Scorrono le immagini de "La grande bellezza", con un Jep Gambardella che passeggia sulla banchina del Tevere in una Roma avvolta dalla luce del tramonto. Con la proiezione di questa sequenza tratta dal film vincitore dell’Oscar si è aperta la cerimonia, nell’aula Giulio Cesare del Campidoglio, per il conferimento della cittadinanza onoraria di Roma a Paolo Sorrentino. "Sarebbe facile aprire una cerimonia di premiazione a Paolo Sorrentino lodandone i film ma il modo più appropriato per farlo è ricordare che Sorrentino è l’ultimo di una serie di intellettuali che – ha raccontato Carlo Verdone -, pur non essendo romani hanno saputo catturare il movimento e le atmosfere, l’anima e il paesaggio di un Roma che chi ci vive conosce bene".
"La Grande Bellezza è sicuramente un monumento cinematografico al magnetismo della nostra città, che diviene lo splendido e metaforico scenario dei sentimenti umani, della solitudine e dello smarrimento dell’uomo moderno", ha spiegato il sindaco di Roma Ignazio Marino.
"L’anima sublime e intima di Roma, con i suoi contrasti angosciosi – ha continuato Marino – è così immersa dentro un patrimonio che ci rende ricchi, ma che dobbiamo imparare a utilizzare meglio".
Dopo aver ricevuto la pergamena e la lupa capitolina, simboli della cittadinanza di Roma, Sorrentino, con l’imbarazzo e la modestia che lo contraddistingue nei momenti ufficiali, ha preso la parola davanti alla platea di consiglieri, giornalisti e altri invitati: "Ieri sera, preso dall’ansia, ho commesso il grave errore di farmi mandare la lista delle persone che hanno ricevuto la cittadinanza romana, si comincia con Alessandro Manzoni, si passa a Giuseppe Verdi, Guglielmo Marconi, Roosevelt, Pertini, Rita Levi Montalcini, Napolitano.

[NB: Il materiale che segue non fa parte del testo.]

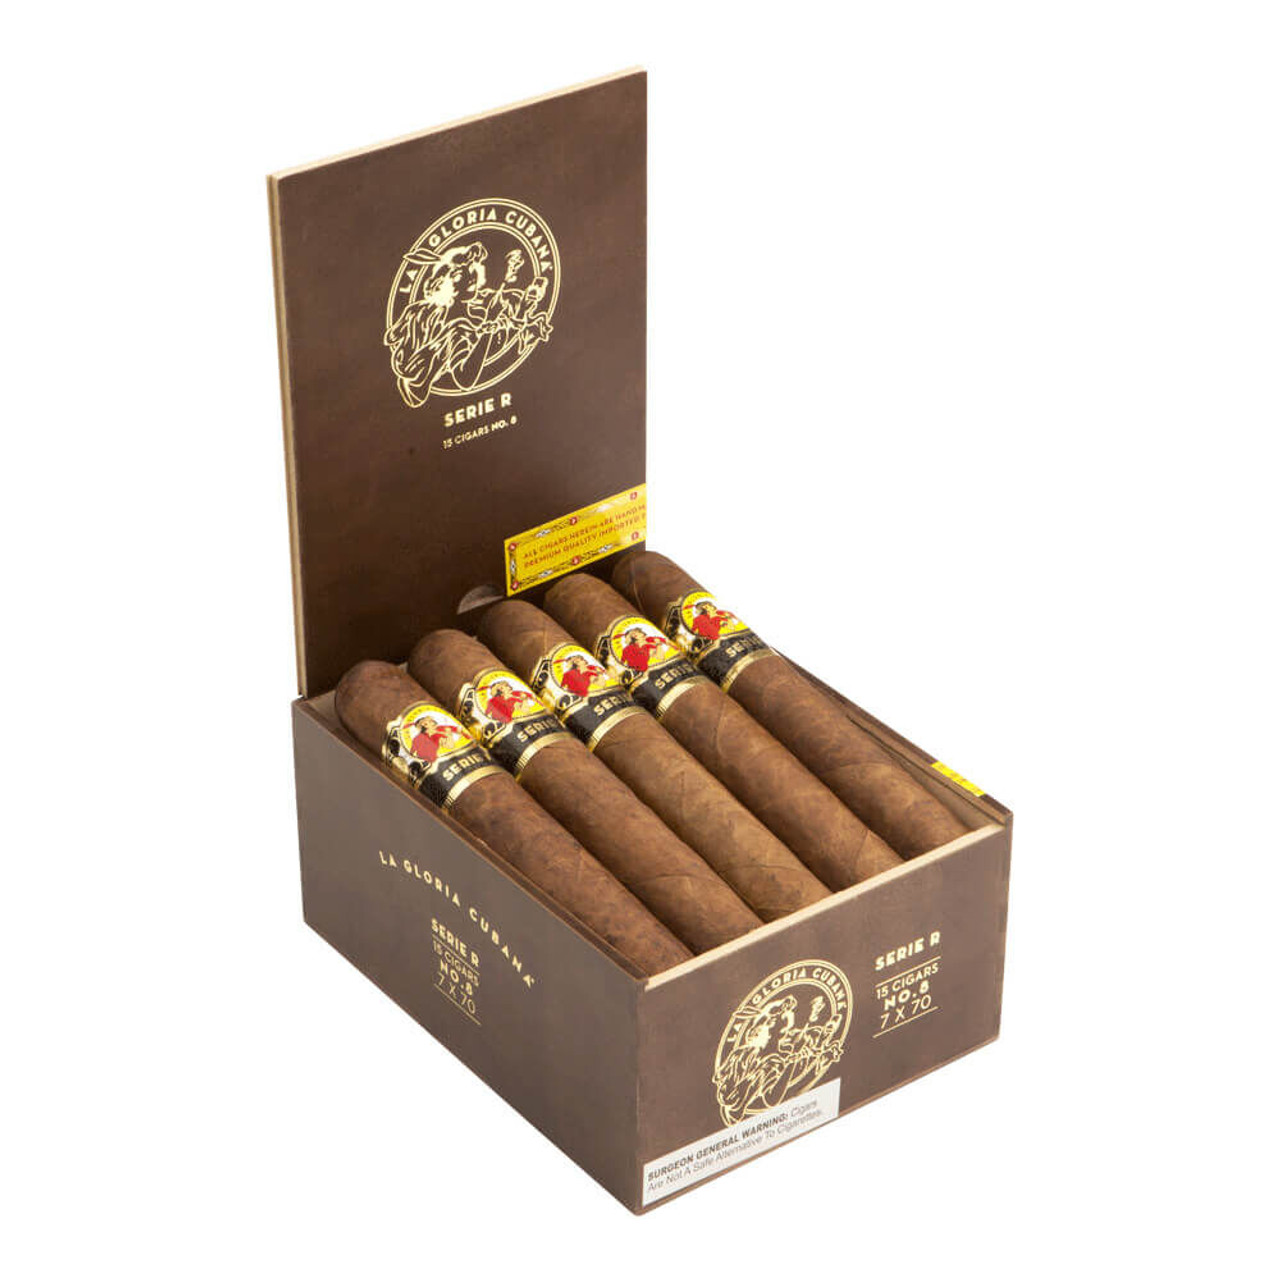 La Gloria Cubana Serie R No. 8 Cigars - 7 x 70 (Box of 15) Open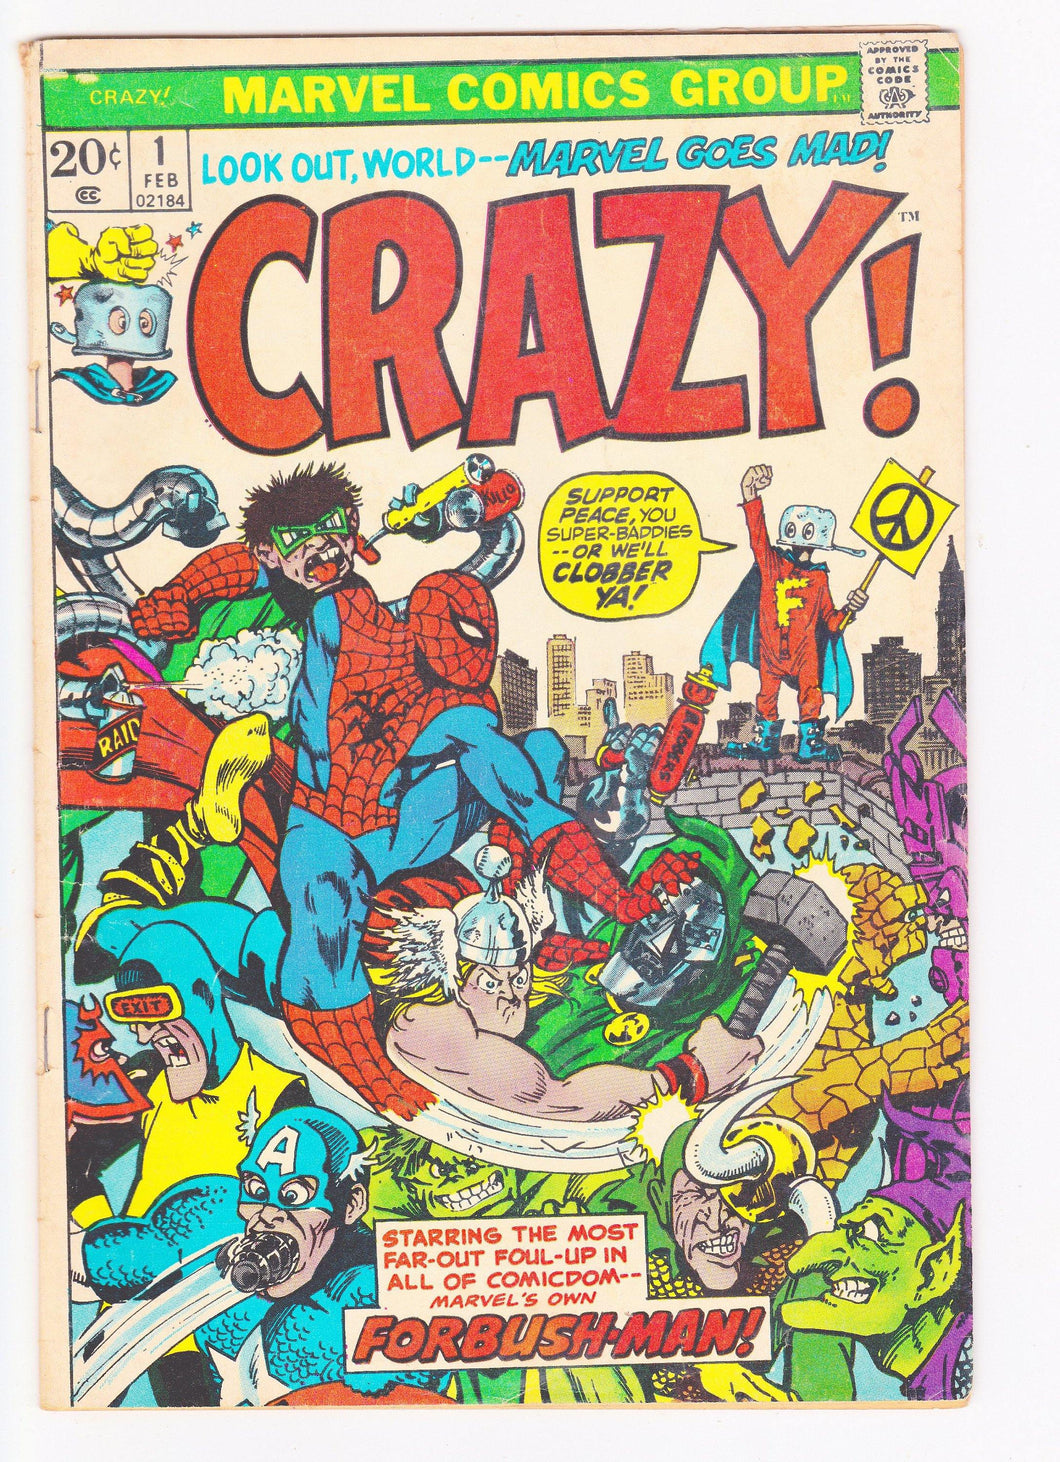 Crazy! Volume 1 Issue 1 February 1973 Humor Satire Parody Comic Book Marvel Comics Forbush-Man - TulipStuff

Allora mi è venuto in mente il titolo di un libro che non ho letto, ‘Che ci faccio qui’ di Bruce Chatwin". Dopo aver raccontato una serie di scene alle quali ha assistito passeggiando per la Capitale e che non ha inserito nel film, Sorrentino ha confessato: "Vivere a Roma è un modo di perdere la vita, diceva Ennio Flaiano, ma dato che la vita prima o poi bisogna perderla, vivere a Roma è una bellissima forma di congedo".